-- TASK BRIEF --
Please set down each record exactly as it appears, but leave out any pictures.

"""

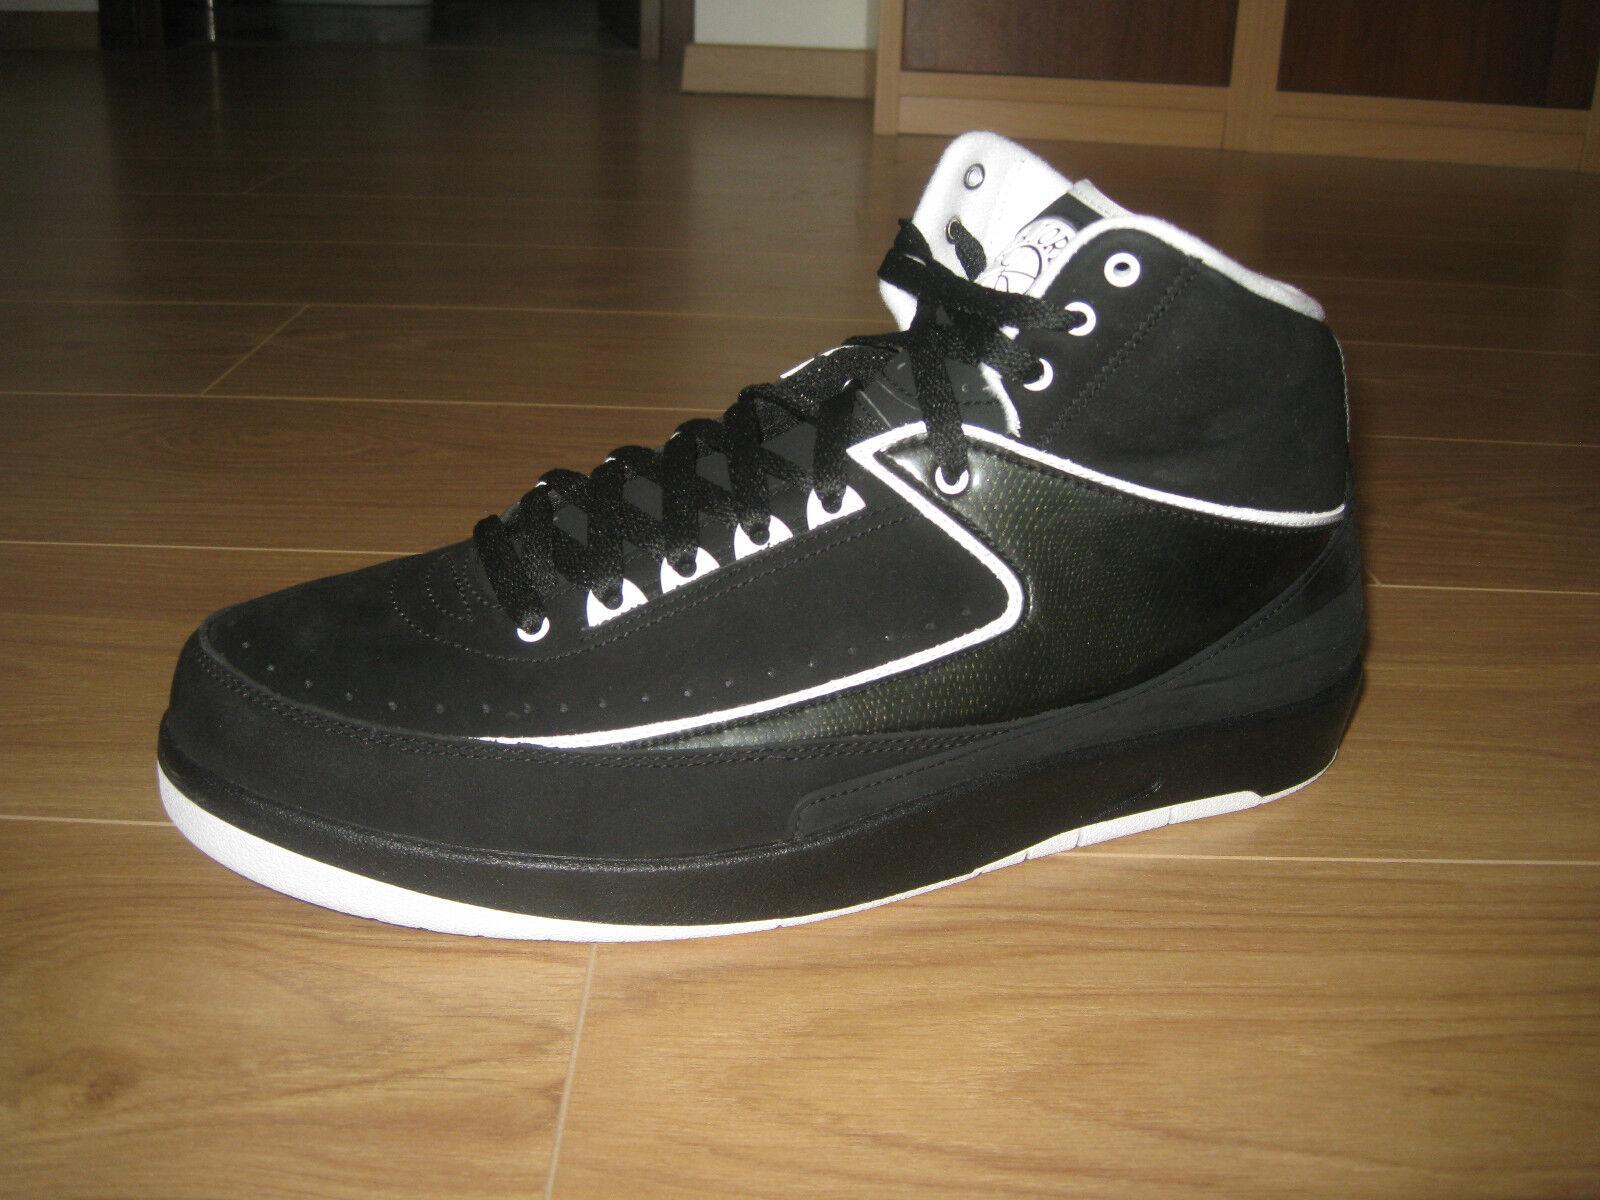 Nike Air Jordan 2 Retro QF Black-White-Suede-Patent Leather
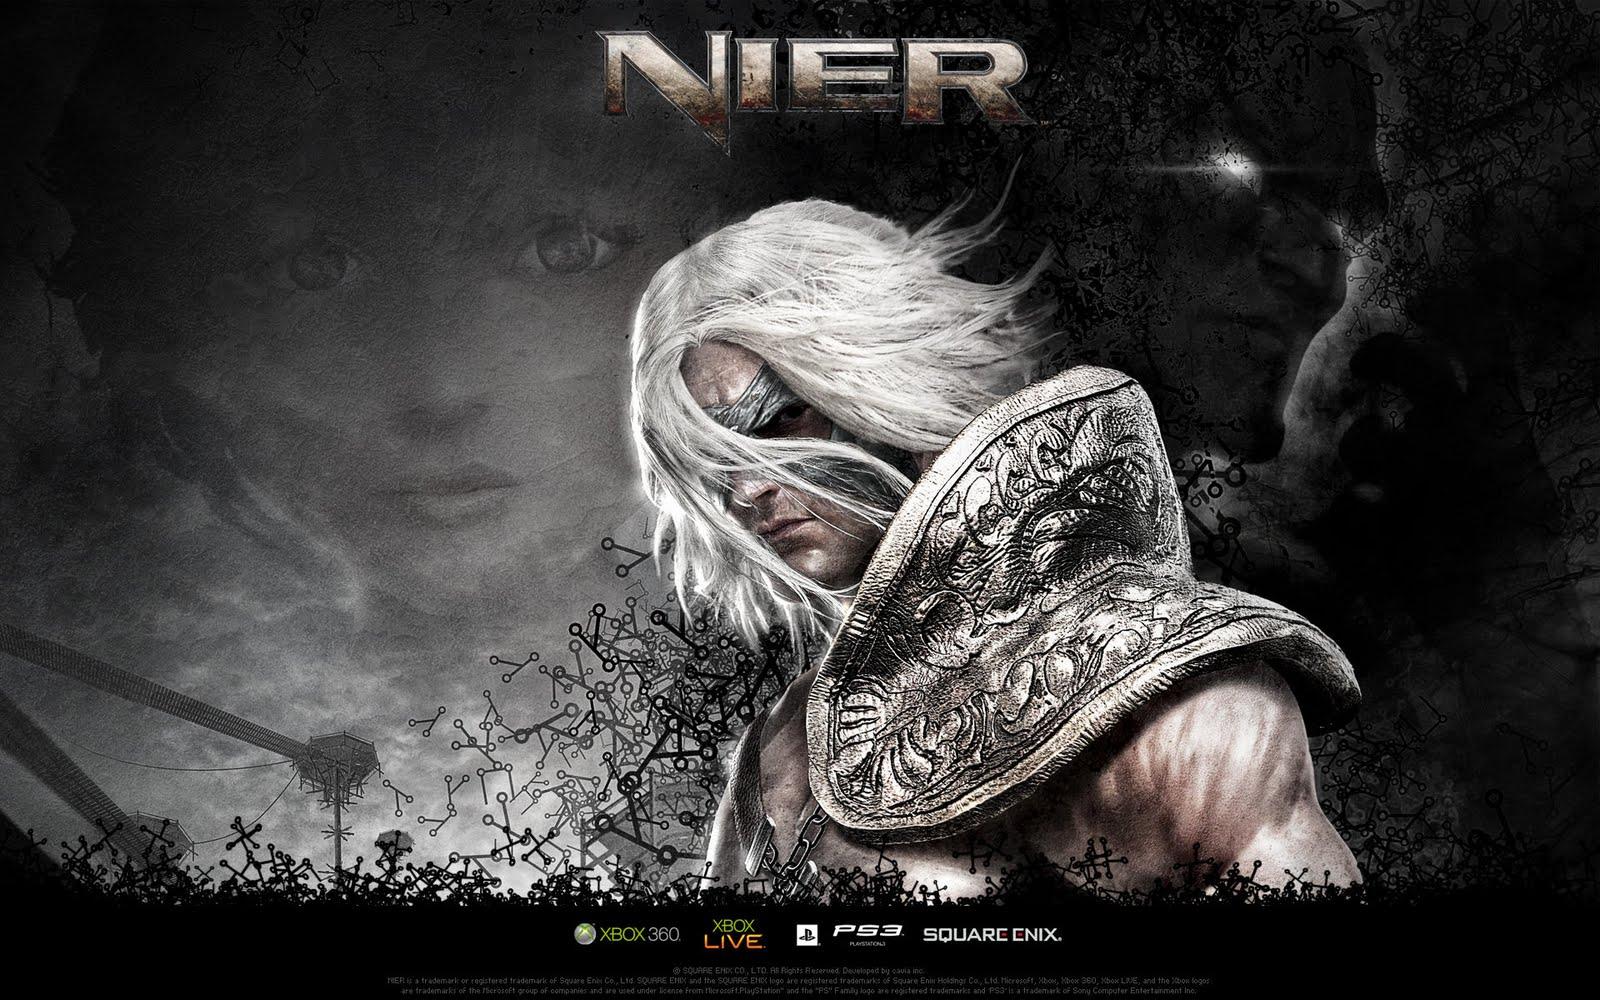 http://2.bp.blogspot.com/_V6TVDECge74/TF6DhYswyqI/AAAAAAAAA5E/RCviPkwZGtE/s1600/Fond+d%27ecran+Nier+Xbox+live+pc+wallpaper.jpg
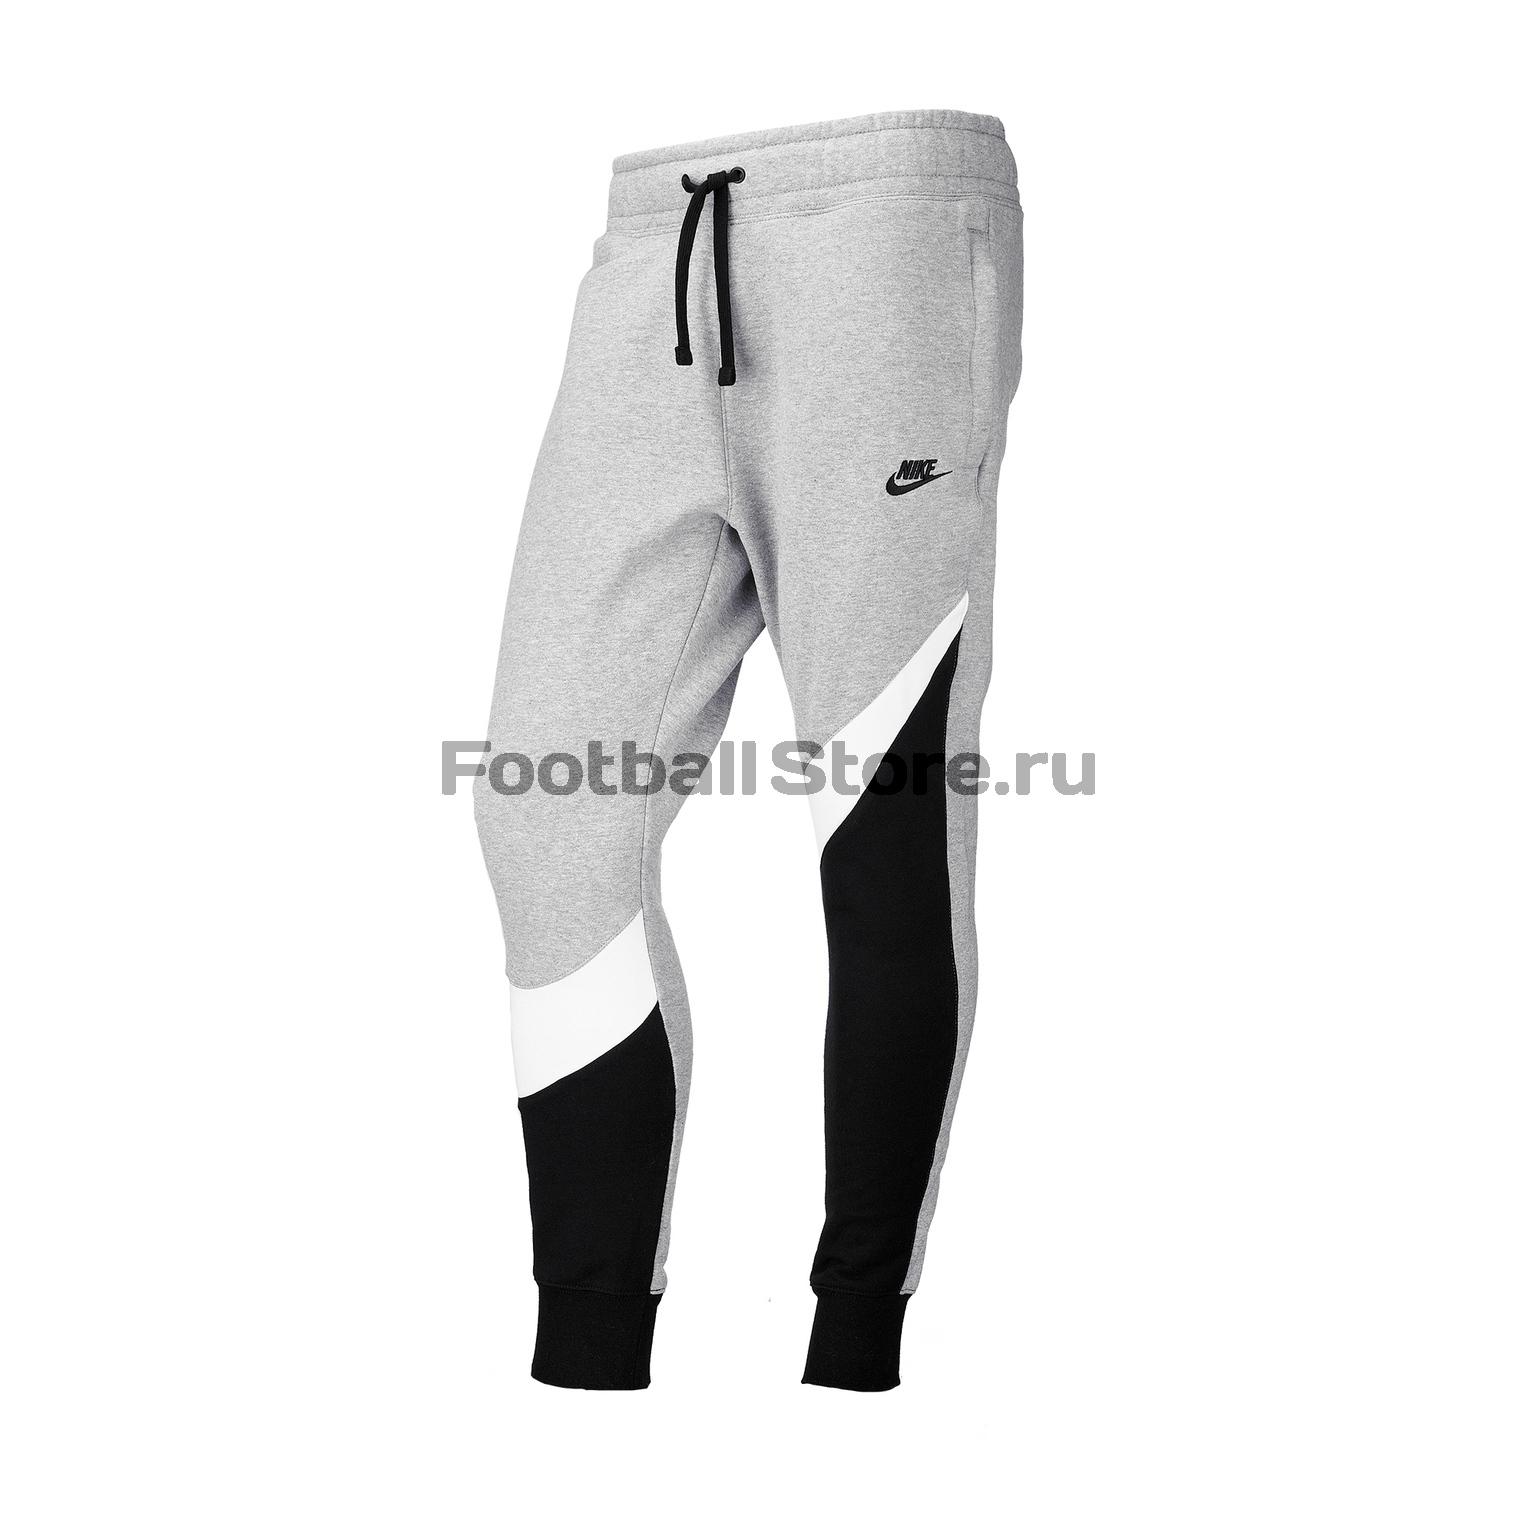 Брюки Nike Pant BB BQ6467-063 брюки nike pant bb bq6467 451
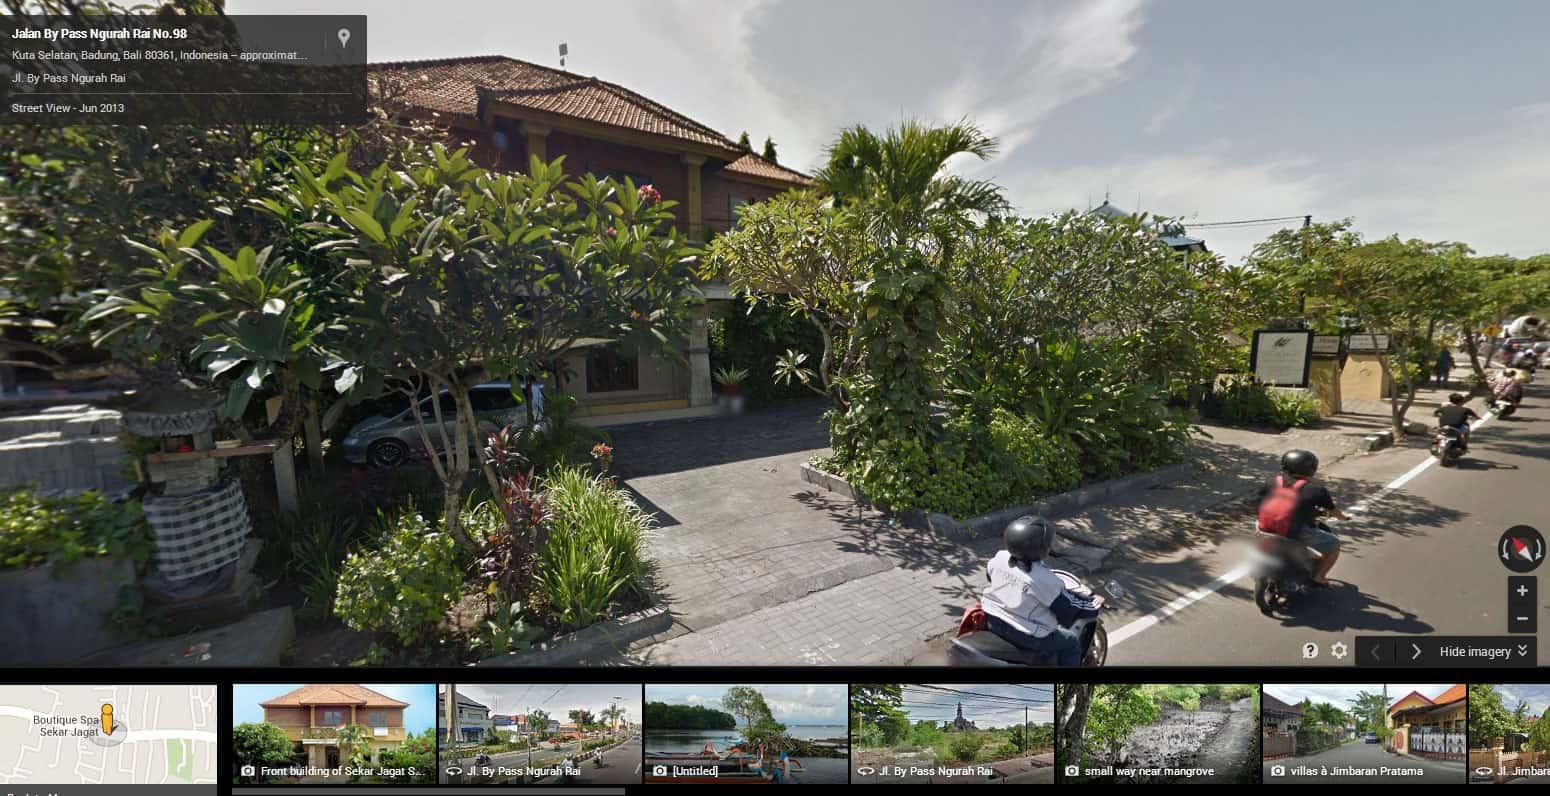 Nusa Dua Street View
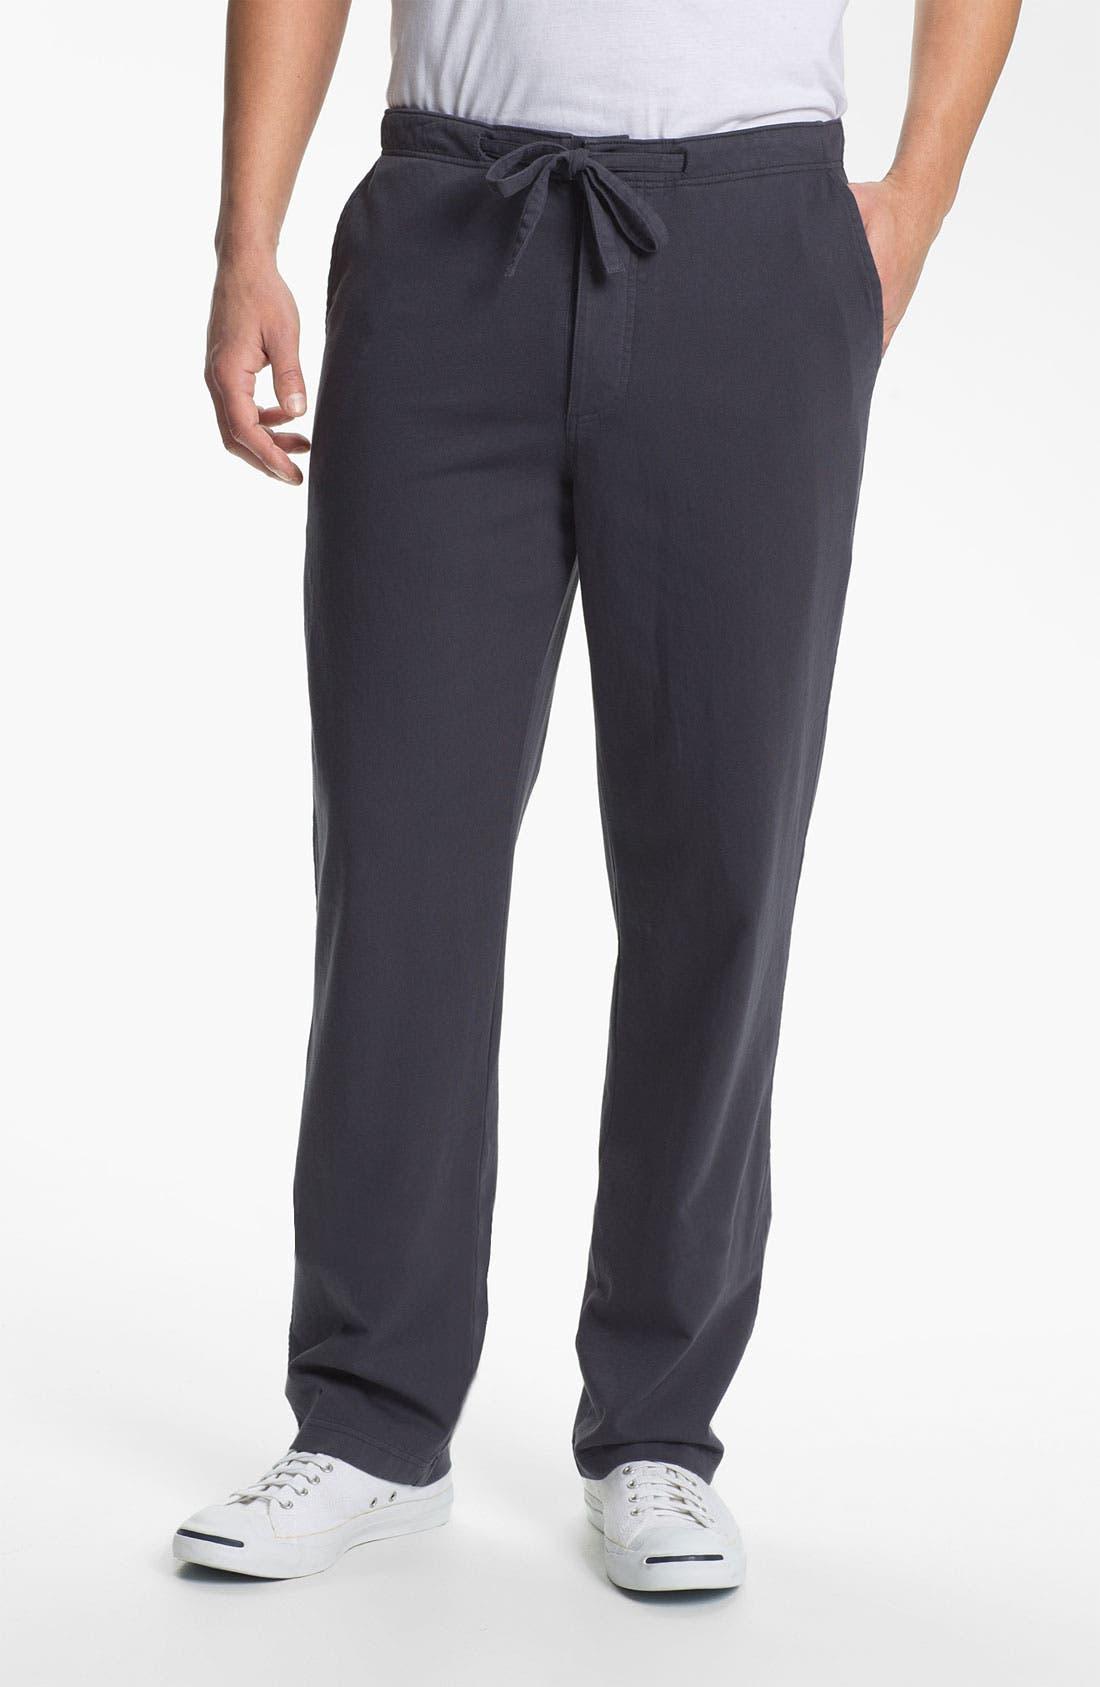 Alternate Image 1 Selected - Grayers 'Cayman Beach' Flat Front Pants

"""

-- SOLUTION --
 Nike Air Jordan 2 Retro QF Black-White-Suede-Patent Leather
 http://2.bp.blogspot.com/_V6TVDECge74/TF6DhYswyqI/AAAAAAAAA5E/RCviPkwZGtE/s1600/Fond+d%27ecran+Nier+Xbox+live+pc+wallpaper.jpg
 Брюки Nike Pant BB BQ6467-063 брюки nike pant bb bq6467 451
 Nusa Dua Street View
 Alternate Image 1 Selected - Grayers 'Cayman Beach' Flat Front Pants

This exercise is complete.